Völlig normal war das in diesen Zeiten. Louise Schröderschloss ihre Schulausbildung mit der Mittleren Reife ab und fand anschließend eine Anstellung bei einer Versicherungsgesellschaft. Fleißig und strebsam war sie und arbeitete sich hoch bis zur Chefsekretärin.
Hamburg galt damals schon als Hochburg der Sozialdemokraten. Louises Vater, ein überzeugter Sozi, weckte das politische Interesse seiner Tochter und so war es auch kein Zufall, dass sich Louise Schroeder dem SPD-Ortsverband im Hamburger Stadtteil Altona-Ottensen anschloss.
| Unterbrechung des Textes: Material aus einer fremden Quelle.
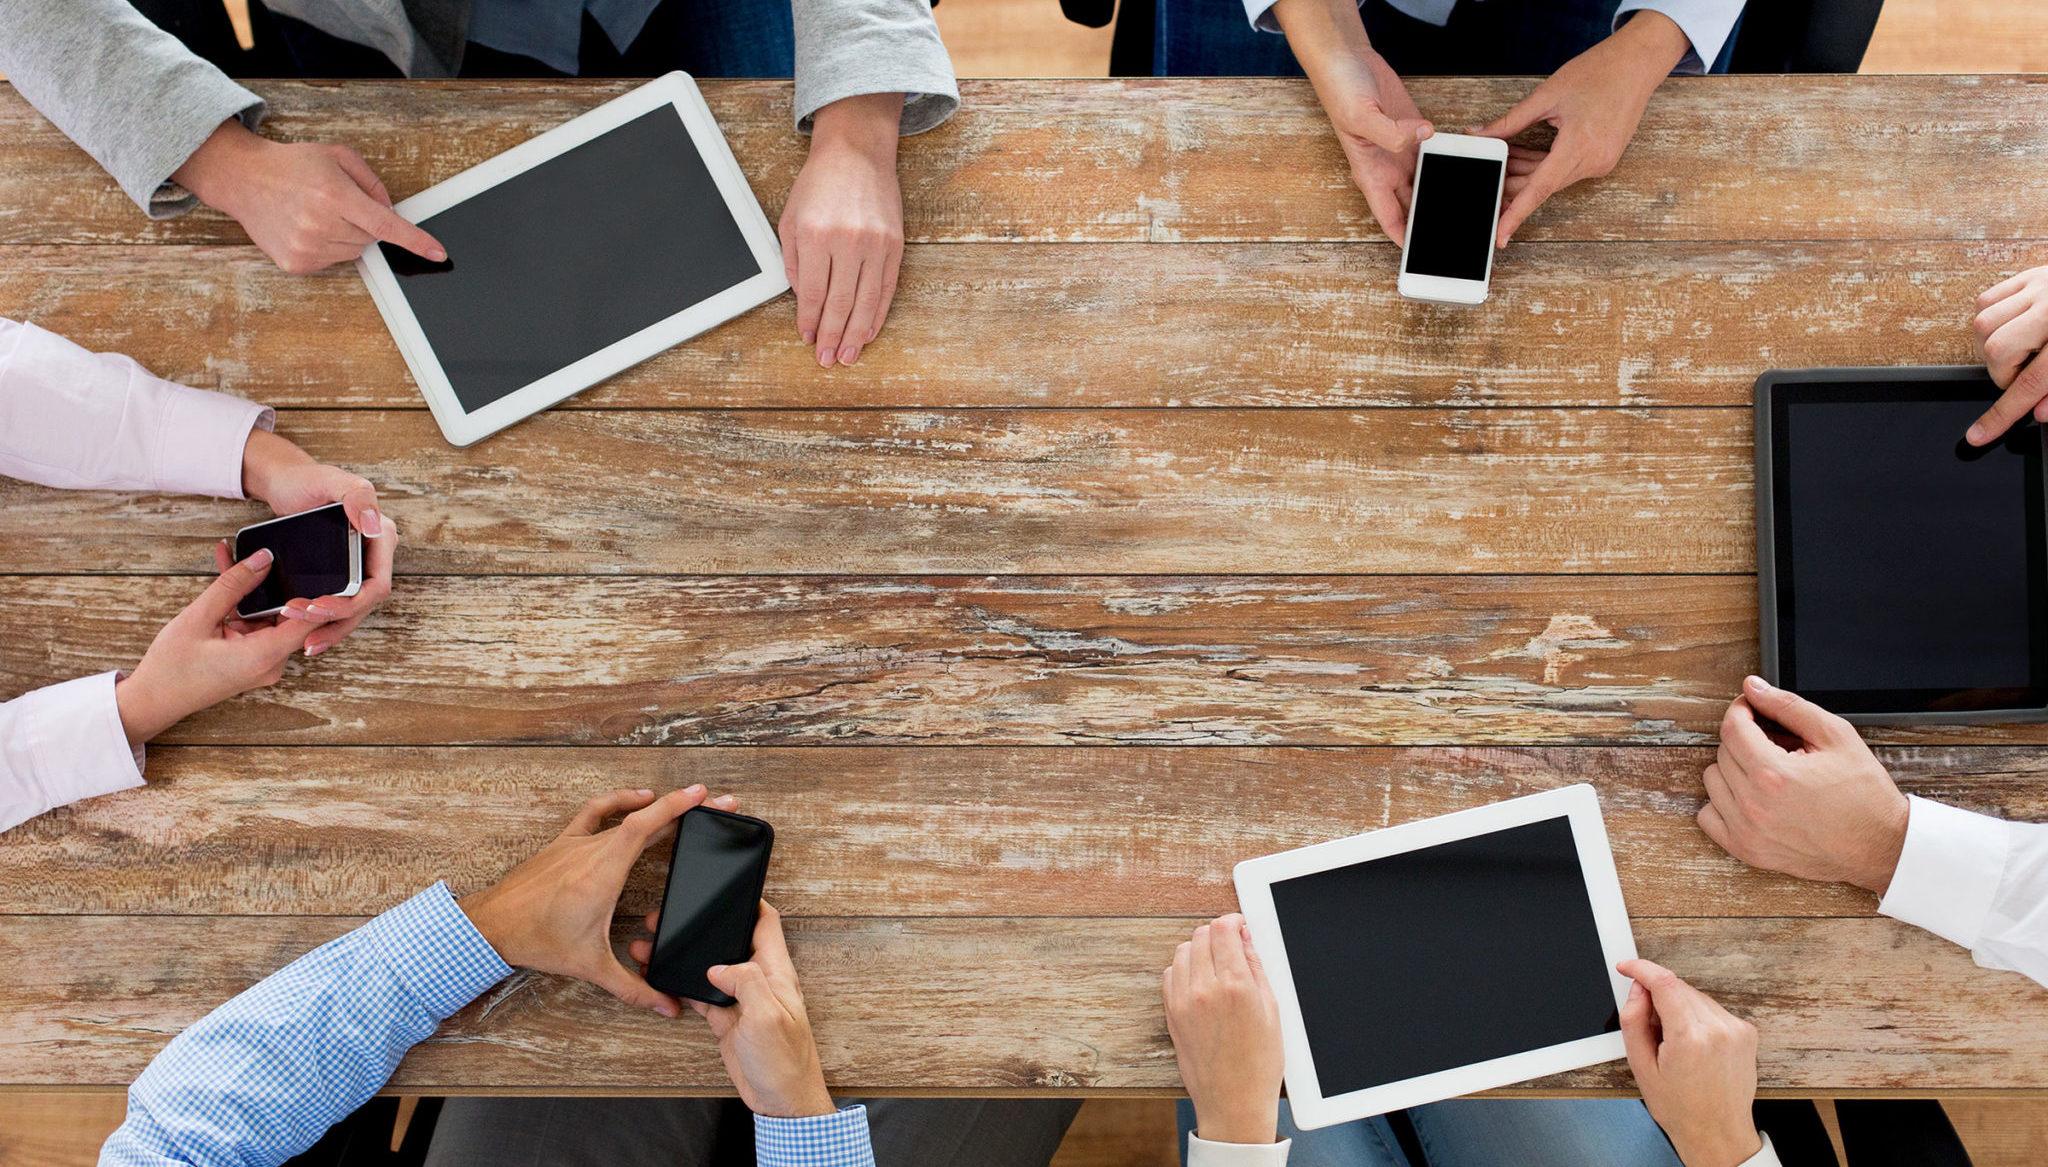 mobile team meeting

Die Gesellschaft war zu Anfang des 20. Jahrhunderts im Umbruch, Frauen drängten langsam in die Politik, die Arbeiterschaft forderte demokratische Rechte ein und gingen gegen den wilhelminischen Pickelhaubenstaat auf die Straße. Als Louise Schroeder ihre ersten politischen Erfahrungen sammelte, waren Frauen bei Parteiversammlungen noch zumindest durch ein Seil von den Männern getrennt. Sie durften nicht mitdiskutieren und hatten sich auch sonst ruhig zu verhalten. Der Eintritt in eine Partei wurde ihnen erst 1910 erlaubt.
Die folgenden Jahre engagierte sich die junge Nachwuchspolitikerin im sozialen Bereich. Anfang 1919, da war Louise Schroeder 32 Jahre alt, schaffte sie bei den ersten demokratischen Wahlen im Deutschen Reich den Einzug in die Nationalversammlung und gehörte dem Gremium, vergleichbar mit dem heutigen Bundestag, ununterbrochen bis 1933 an. Sie zählte mit der Einführung des Frauenwahlrechts zu den ersten weiblichen Abgeordneten. Unter anderem setzte sie sich stark für die Mitversicherung der Familien in der gesetzlichen Krankenkasse ein. Außerdem wirkte sie mit bei der Gründung der Arbeiterwohlfahrt (AWO). Dann der tiefe Einschnitt in der deutschen Geschichte: Eine Mehrheit des Reichstags stimmte im März 1933 dem Ermächtigungsgesetz zu, das es den Nationalsozialisten erlaubte, fortan Gesetze nach eigenem Gutdünken zu erlassen und umzusetzen. Louise Schroeder stimmte dagegen, denn sie wusste sehr wohl, was das bedeuten würde.
Um unter den Nazis überleben zu können, eröffnete sie in Hamburg einen kleinen Brotladen. Die Antifaschistin verweigerte tapfer den Hitlergruß, woraufhin ihr Geschäft boykottiert wurde. Sie stand unter Polizeiaufsicht und sah sich ständig vielfachen Schikanen ausgesetzt. Sie ging nach Berlin und bekam dort über Freunde eine Anstellung als Bürokraft. Nach dem Ende des Zweiten Weltkrieges nahm sie umgehend ihre politische Arbeit bei der SPD auf und galt als unverzichtbar beim Wiederaufbau ihrer Partei. Sie war auch treibende Kraft bei der Wiederzulassung der AWO und gehörte dem Gründungsausschuss der Freien Universität (FU) Berlin an.
Die allseits angesehene Sozialpolitikerin wurde Bürgermeisterin im Berliner Magistrat. 1947 sollte ihr Parteifreund Ernst Reuter zum Oberbürgermeister gewählt werden, konnte sein Amt aber nicht antreten, weil die sowjetischen Besatzer dagegen waren. Also übernahm Louise Schroeder im Mai 1947 den Posten und füllte ihn bis zum Dezember 1948 aus. Bis auf den heutigen Tag ist sie die einzige Frau, die jemals das höchste Amt in Berlin inne hatte. Ab 1949 war sie auch Mitglied des Bundestags und zählte zu den bekanntesten und beliebtesten Politikerinnen im Nachkriegsdeutschland.
Am 4. Juni 1957 starb sie in Berlin, kurz vorher wurde sie noch zur Ehrenbürgerin ernannt. Ein Trauerkorso brachte ihren Leichnam über die Transitstrecke nach Hamburg, wo sie im Schroederschen Familiengrab bestattet wurde. Tausende standen am Straßenrand und trauerten um eine Frau, die sich zeitlebens mutig und selbstlos für Demokratie und Freiheit eingesetzt hatte.